Vanda Murray
A Chair’s perspective
I am proud to chair the Marshalls Board with a strong leadership culture to bring about change and support our ambitious people plan. There is much to do, but we have a clear strategy and framework to drive the change we need.
It has never been my experience that women lack confidence – or ability, or ambition. We have to challenge long-held myths and the poorly justified stereotypes about women’s advancement or ambition and shift the focus to organisational environment and culture. This is the real barrier to women’s progression in the workplace.
I was appointed Chair of Marshalls plc 18 months ago. Since then the composition of the Board has changed and now, out of the six Directors, I am pleased that say that fifty percent are women.
We have clear policies in place when we work with Executive Search firms. We insist on diverse candidate pools and objective shortlisting criteria to ensure we get a broad a pool of candidates. We have also started to manage in-house our own recruitment, which follows the same principles and builds on that success.
During my time working on several Boards across a range of sectors, I have seen the real value diversity brings. It creates more balanced discussions, introducing varied experiences and perspectives, with different decision- making and therefore better governance and oversight.
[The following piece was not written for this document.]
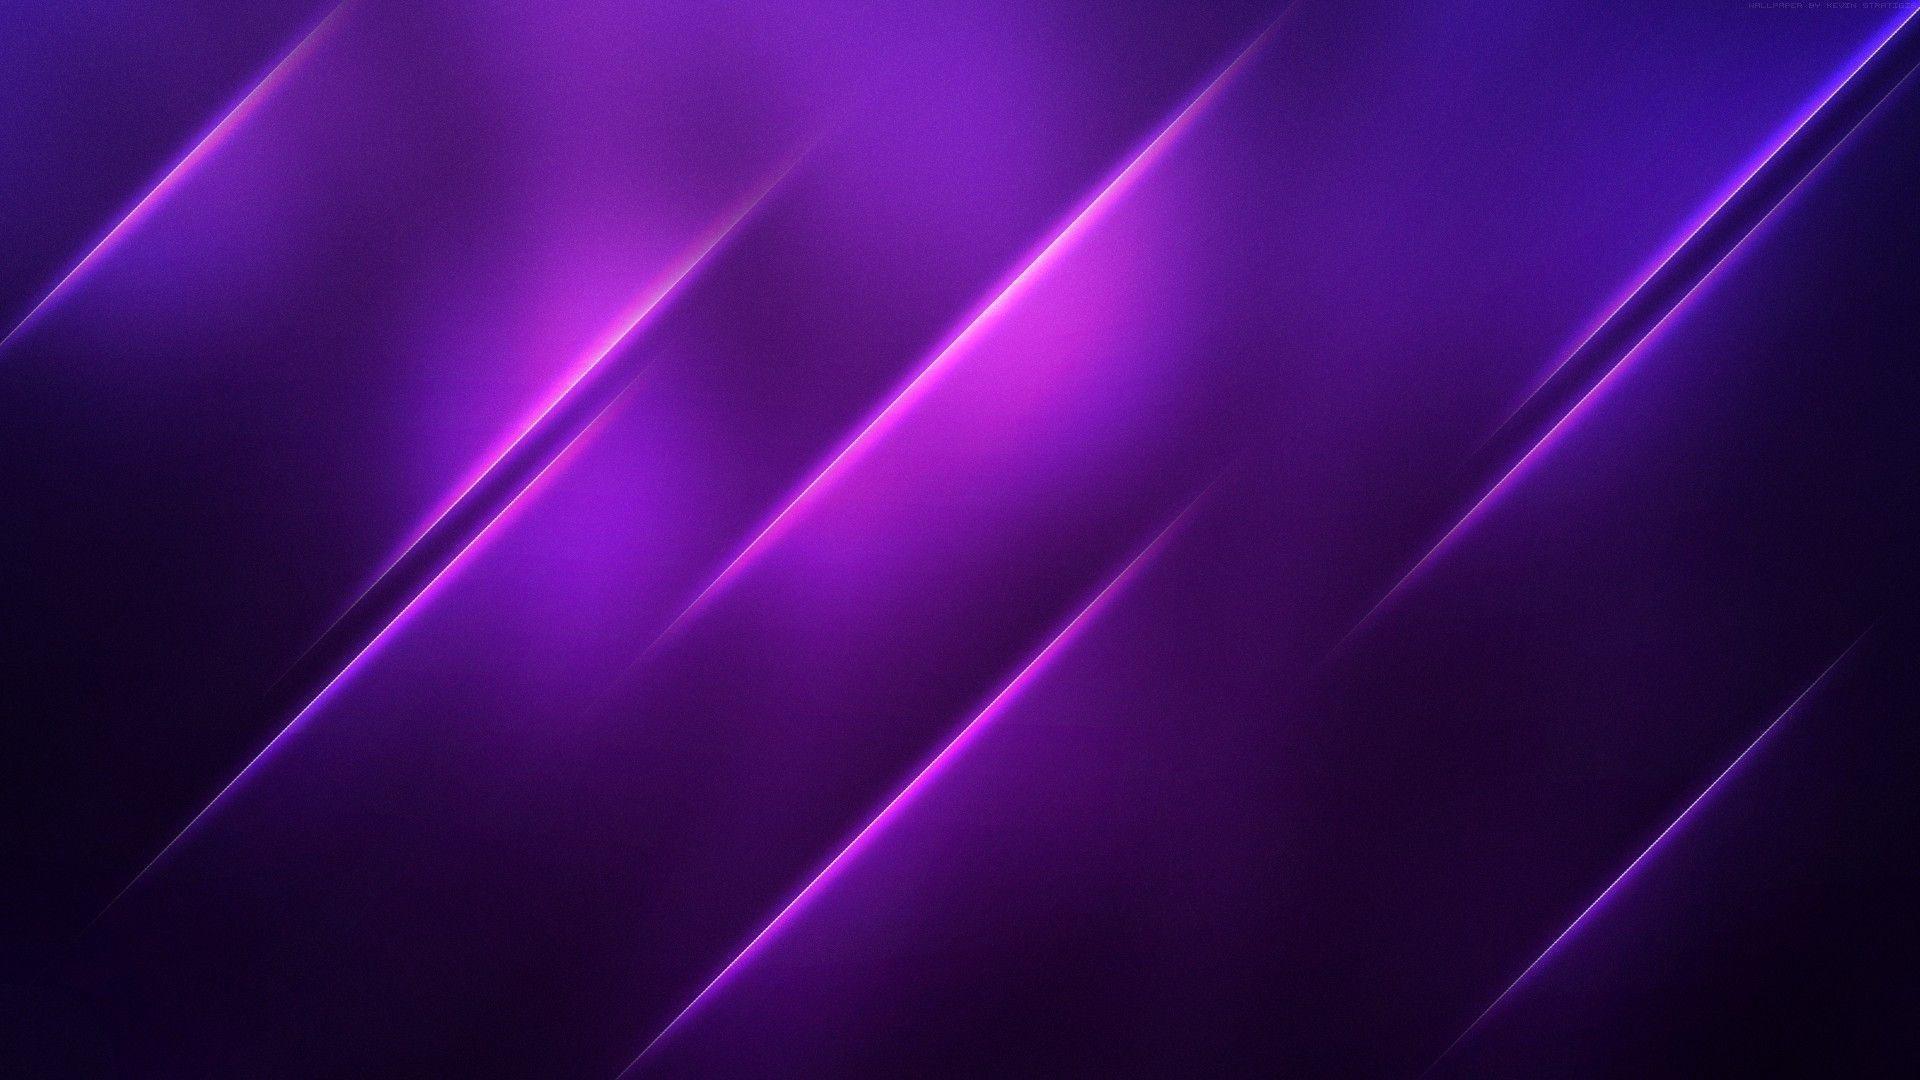 Purple Backgrounds HD 1920x1080

However, driving change is never easy. Our Executive Committee has only one woman in a team of nine leaders. Therefore our priority is to focus more on talent management and succession planning to develop talent in lower levels of the organisation.
The rest of the Marshalls organisation is more reflective of the sector in which we operate, which has a 75% male/25% female ratio. There is work to do to improve the gender-balance, but also to address the age profile and under-representation of ethnic minorities in our workforce. The effort and drive we are embarking upon will ensure diversity is threaded through all of our people processes.
Organisations now recognize the business case for diversity and Marshalls are no different. We are committed to an open culture that fosters excellence. Doing business in the right way is important to us as we seek to balance the interests of all our stakeholders, including our colleagues. Investing in the diversity of our business and a robust inclusion strategy is at the heart of our recently launched three- year people change plan.
Our plan is very clear, it includes changes to how we recruit, on-board, train and develop our people, including new initiatives to address the gaps:
- Re-energising our employment brand to attract candidates and promote opportunities with a diversity and social mobility lens.
- Launching a new behavioural framework built on employee feedback to help identify candidates more fairly.
- Re-launching our ‘Being a Marshalls Leader’ development programmes, with a focus on diversity, inclusion and positive leadership behaviours.
- Prioritising the development of family friendly policies, including making working in an agile environment as easy as possible.
Investing in our women’s network where women can learn and share experiences, providing a channel for problem solving and support.
Becoming members of the UN Global Compact on Diversity and Inclusion to share best practice and encourage women into construction.
It is early days, yet we are already seeing more sharing of our talented women for progression and development opportunities and real improvement in internal mobility. We are confident of many more positive results in 2020 and beyond.